Because the normal flushing action of the tears cannot occur, ocular secretions and debris may accumulate in the empty orbit and encourage development of secondary infections by opportunistic organisms. Isolates obtained in our laboratory include Pasteurella pneumotropica, Corynebacterium spp., Lactobacillus spp., and coagulase negative Staphylococcus spp. (Sundberg, et al. 1990, 1991, Smith, et al., 1994).

Environmental effects

C57BL mice have been used to develop a mouse model of fetal alcohol syndrome (Sulik, et. al., 1981). Pregnant mice given intraperitoneal injections of 25% ethanol around the seventh day of pregnancy developed elevated blood ethanol levels. The rate of ocular malformations including microphthalmia and anophthalmia, (43.5% of the exposed mice) was four times that of the control C57BL mice (Sulik, et. al., 1981). An increased incidence of corneal opacities was also demonstrated. All defects were less common in other strains, after alcohol exposure. Alcohol appears to enhance the inherent susceptibility of inbred black mice to develop ocular malformations (Webster, et. al., 1983, Cook, et. al., 1987).
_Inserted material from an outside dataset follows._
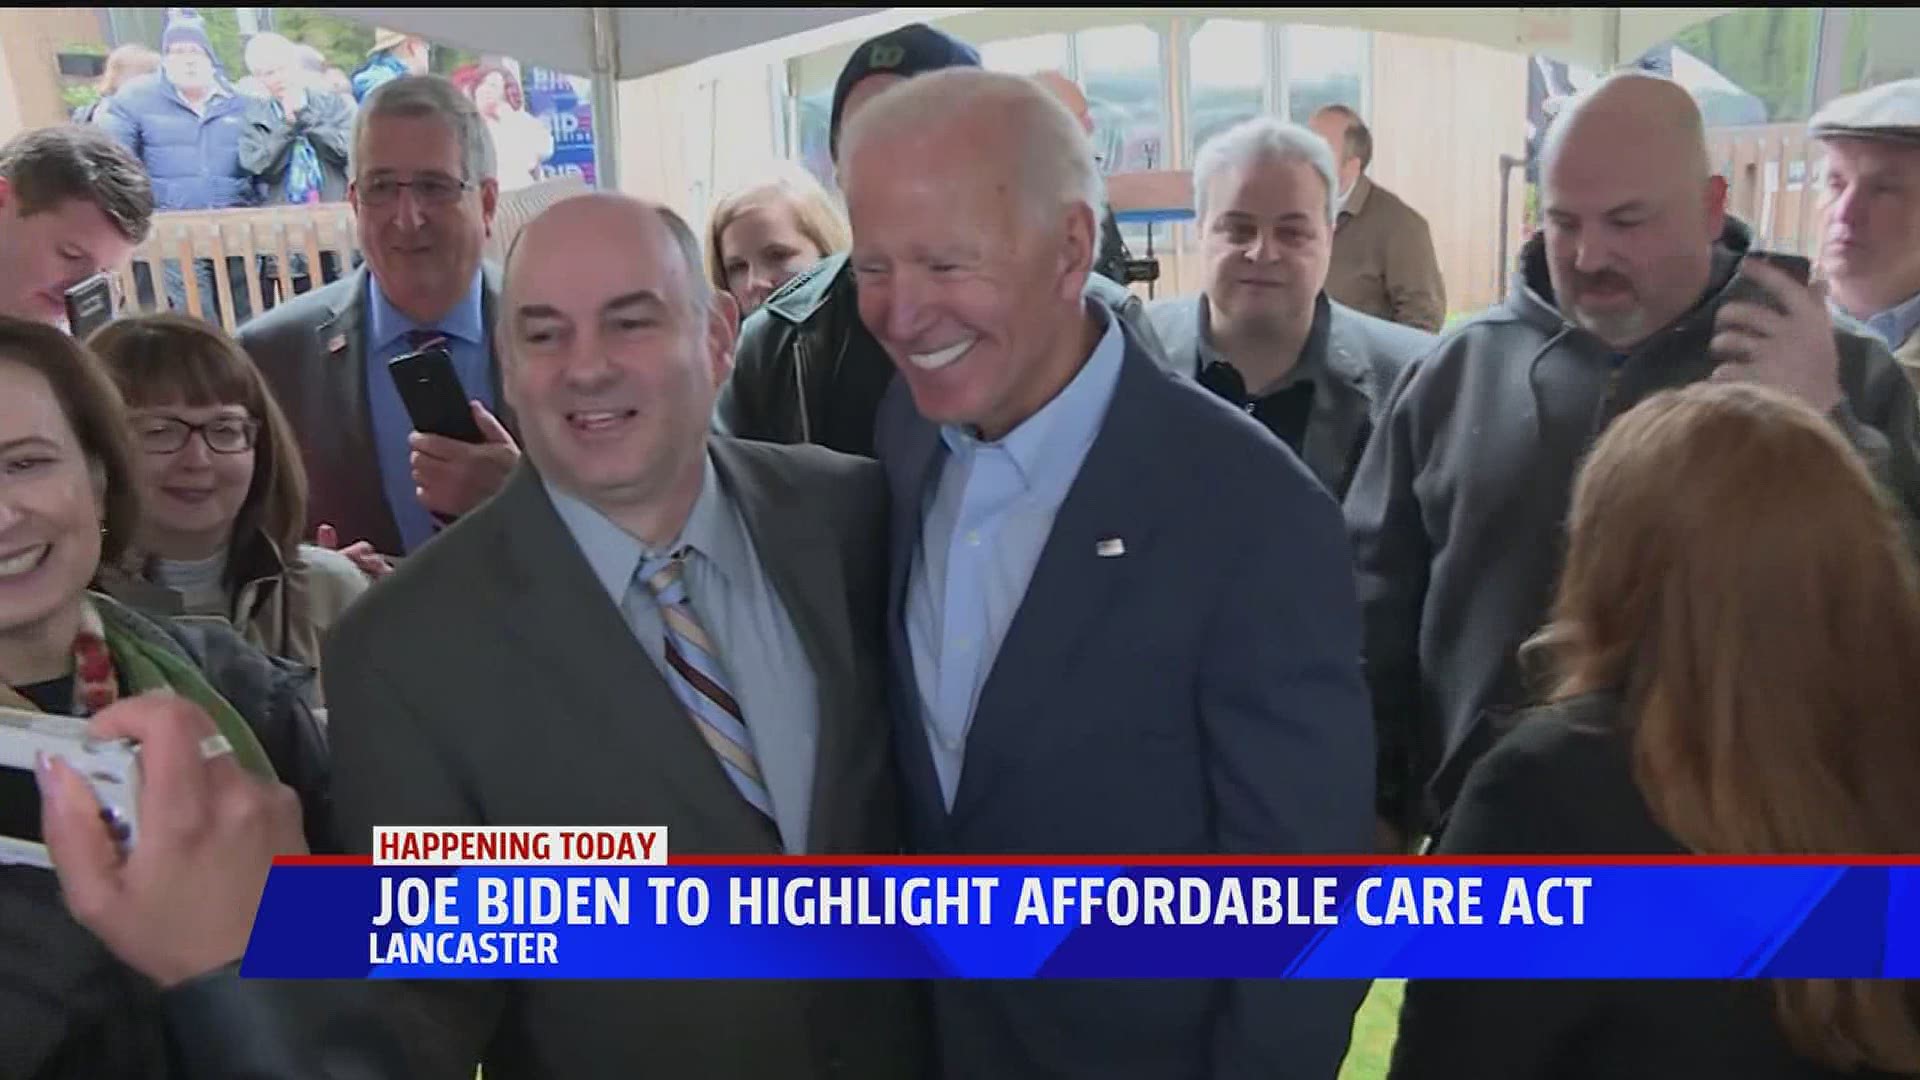 Joe Biden to Highlight Affordable Care Act in Visit to Pennsylvania

Interaction between the forming lens at 9-10 days of embryonic life and the edges of the optic cup appears critical for proper formation of the eye (Coulombre and Coulombre, 1977; Harch, et. al., 1978). Size and location of the lens relative to the optic cup exerts an influence on formation of nearly all other structures of the mature eye. This complex subject is reviewed in detail elsewhere (Smith, et. al., 1994).

Analogous human disease

The "fetal alcohol syndrome" is a consequence of consumption of alcohol during pregnancy. Affected children demonstrate postnatal growth deficiency, central nervous system involvement with intellectual impairment, and a typical facial appearance that may include microphthalmia, central corneal opacities, microcephaly and maxillary flattening (Chen, et. al., 1991).
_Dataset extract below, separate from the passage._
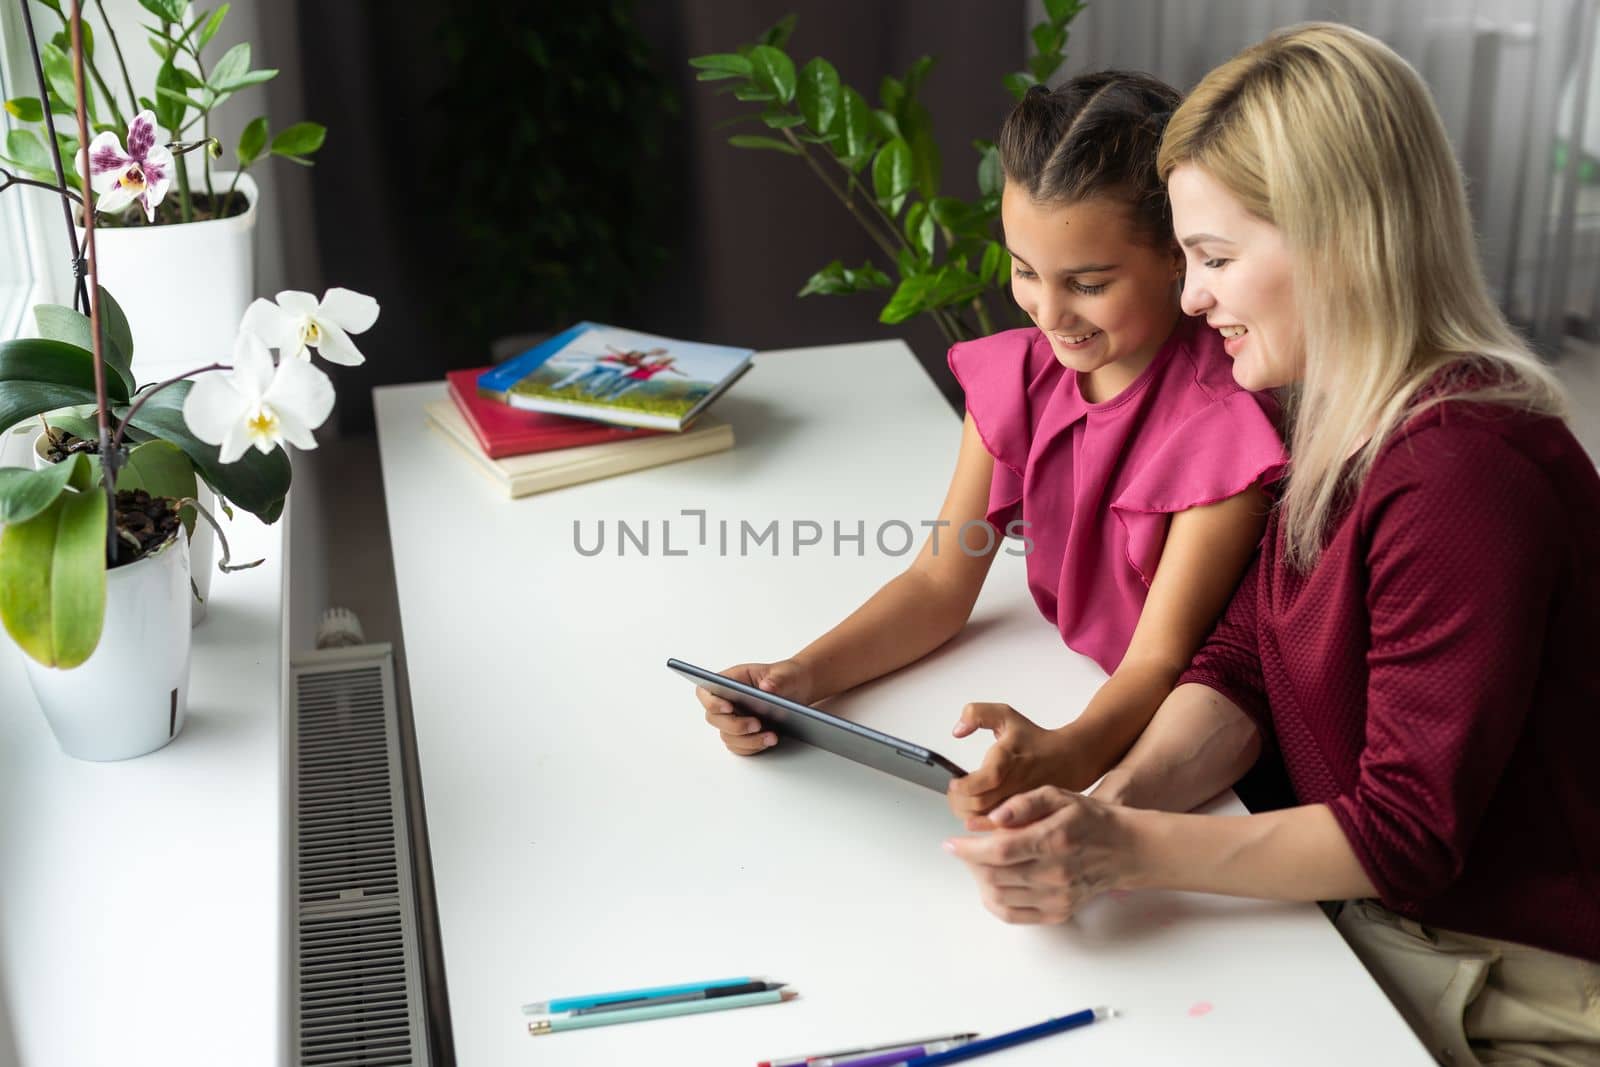 Mom with her tween daughter using tablet together

A group of spontaneous, occasionally familial, anterior chamber, iris, cornea and lens malformations that share some findings in common are referred to as anterior segment dysgenesis. There may be central absence of Descemet's membrane, irido-corneal adhesions, corneal-lenticular adhesions, cataract, enlargement of Schwalbe's line, corneal opacities and anterior synechias (Waring, et. al. 1975). These changes resemble those seen in the anterior segment of inbred black mice (Smith, et. al., 1994). The different forms of anterior segment dysgenesis have been associated with a variety of chromosomal abnormalities involving human chromosomes 4, 9, 11, 13-15, 18, 21, and X (reviewed in Smith, 1994), with autosomal dominant and recessive inheritance patterns (Green and Johnson, 1986).

Analogous animal disease

Microphthalmia and anophthalmia are also seen in mutations at specific loci (Chase, 1941), including fidget (fi) (Gruneberg, 1943); the microphthalmia (mi) locus (Grobman, 1947); Pax6Sey (Clayton and Campbell, 1968); and vacuolated lens with microphthalmia (Cat3vl) (Kratochvilova, 1981). Other laboratory animals reported with anophthalmia or microphthalmia include rats (Rao and Sesikeran, 1992), guinea pigs (Komich, 1971), dogs (Zhang, et. al., 1991) and pigs (Szabo, 1989).

Common uses of inbred C57 black mice

Inbred black mice are used for ophthalmic studies, particularly dealing with the fetal alcohol syndrome. Since lesions associated with fetal alcohol syndrome are identical, but increased in frequency, to those that occur spontaneously, results should be interpreted with caution. Inbred black mice may also be of use in evaluation of lens embryogenesis.


Many different strains of inbred C57 black mice are available at The Jackson Laboratory, including, C57BLKs/J, C57BL/6ByJ, C57BL/6J, C57BL/10J, C57BL/10SnJ as well as numerous congenic and recombinant inbred strains.

This work was supported in part by grants from The Sight Conservation Society of Northeastern New York (RSS), CA34196 from the National Cancer Institute (RSS, JPS), and funds from The Jackson Laboratory (JPS, RSS).

The authors wish to thank D. Boggess and J. Mill for technical assistance.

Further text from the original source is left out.